John Singleton, ‘Boyz N the Hood’ Director, Dies at 51

John Singleton, whose powerful debut film, “Boyz N the Hood,” earned him an Oscar nomination for best director, the first for an African-American, died on Monday in Los Angeles. He was 51.

His death, at Cedars-Sinai Medical Center, was confirmed in a family statement after he was taken off life support. Mr. Singleton had been admitted to the hospital on April 17, reportedly after having a stroke. His family said he had a history of hypertension.

His mother, Shelia Ward, said last week that he was in a coma and filed court papers asking to be appointed his temporary conservator. Several of his children at the time opposed her trying to take control of his medical and financial decision making and publicly disputed her assessment of his medical state.

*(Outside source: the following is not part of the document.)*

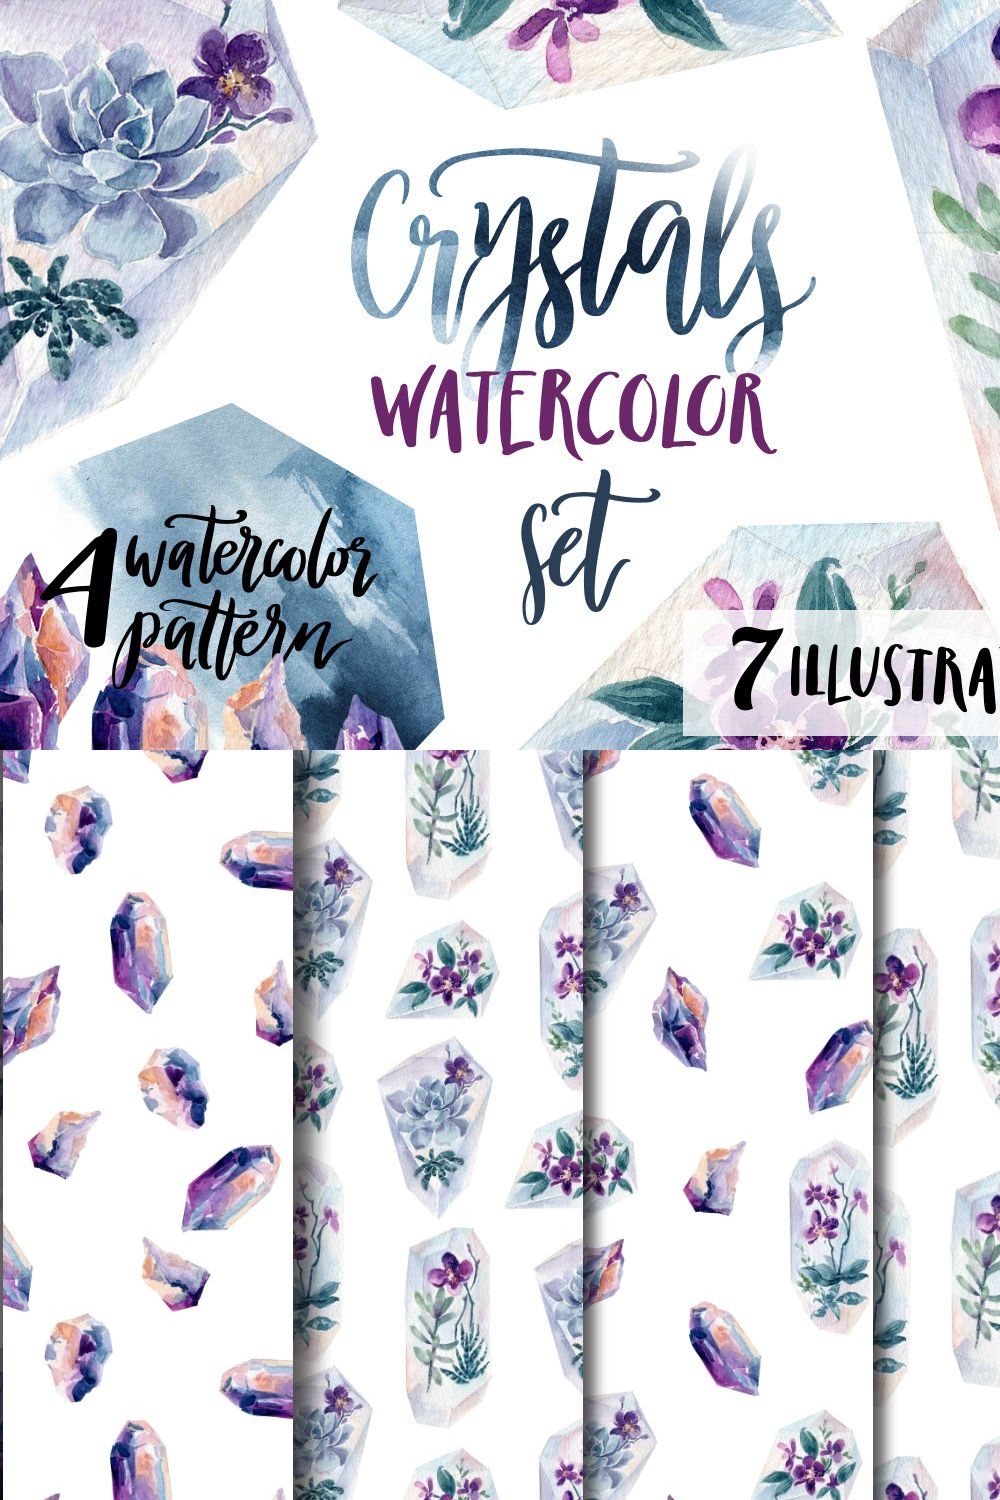 Crystal watercolor set pinterest preview image.

“Boyz N the Hood,” a bleakly realistic film about three teenagers growing up amid gang violence in South Central Los Angeles, established Mr. Singleton’s credentials and placed him in the conversation with more established African-American directors like Spike Lee, Bill Duke, Julie Dash, Robert Townsend and Reginald Hudlin.

No black filmmaker has won the Oscar for best director. But when Mr. Lee won this year for best adapted screenplay, for “BlacKkKlansman,” Mr. Singleton was ecstatic.

“My brother Spike Lee just won his first Oscar,” Mr. Singleton wrote on Twitter. “I’m sooo happy!”

John Daniel Singleton was born on Jan. 6, 1968, in Los Angeles. His mother was a pharmaceutical sales executive, and his father, Danny Singleton, was a mortgage broker. He lived with his mother until he was 11 and then moved in with his father, on whom he based the character of Tre’s father (played by Laurence Fishburne) in “Boyz.”

John was influenced early on by movies like “Cooley High” (1975), a comedy-drama about high school friends living in the projects in Chicago, directed by Michael Schultz and starring Glynn Turman and Lawrence Hilton-Jacobs.

“The cinema saved me from being a delinquent,” he said.

He studied script writing at the University of Southern California’s School of Film-Television and wrote the “Boyz N the Hood” screenplay during his senior year.

He then showed it to Stephanie Allain, a script reader for two of Columbia Pictures’ top executives. At the time, he was being interviewed to succeed her. He didn’t get the job, but she loved the script and pushed for it to be acquired.

Before a deal was made, though, Mr. Singleton demanded, despite his inexperience, that he direct the film. Frank Price, the president of Columbia, agreed; he was especially impressed with Mr. Singleton’s audition tapes of Mr. Gooding and Ice Cube.

He is survived by his parents; his daughters Justice Singleton, Hadar Busia-Singleton, Cleopatra Singleton, Selenesol Singleton and Isis Singleton, and his sons, Maasai and Seven.

Mr. Singleton produced some of the films he directed, as well as other movies, like Craig Brewer’s “Hustle & Flow” (2005), which starred Terrence Howard, who earned an Oscar nomination for best actor. The film won an Oscar for best original song.

His most recent venture was “Snowfall,” a series on FX about the crack cocaine epidemic in Los Angeles in the 1980s. Mr. Singleton was one of the show’s creators and executive producers and directed three episodes.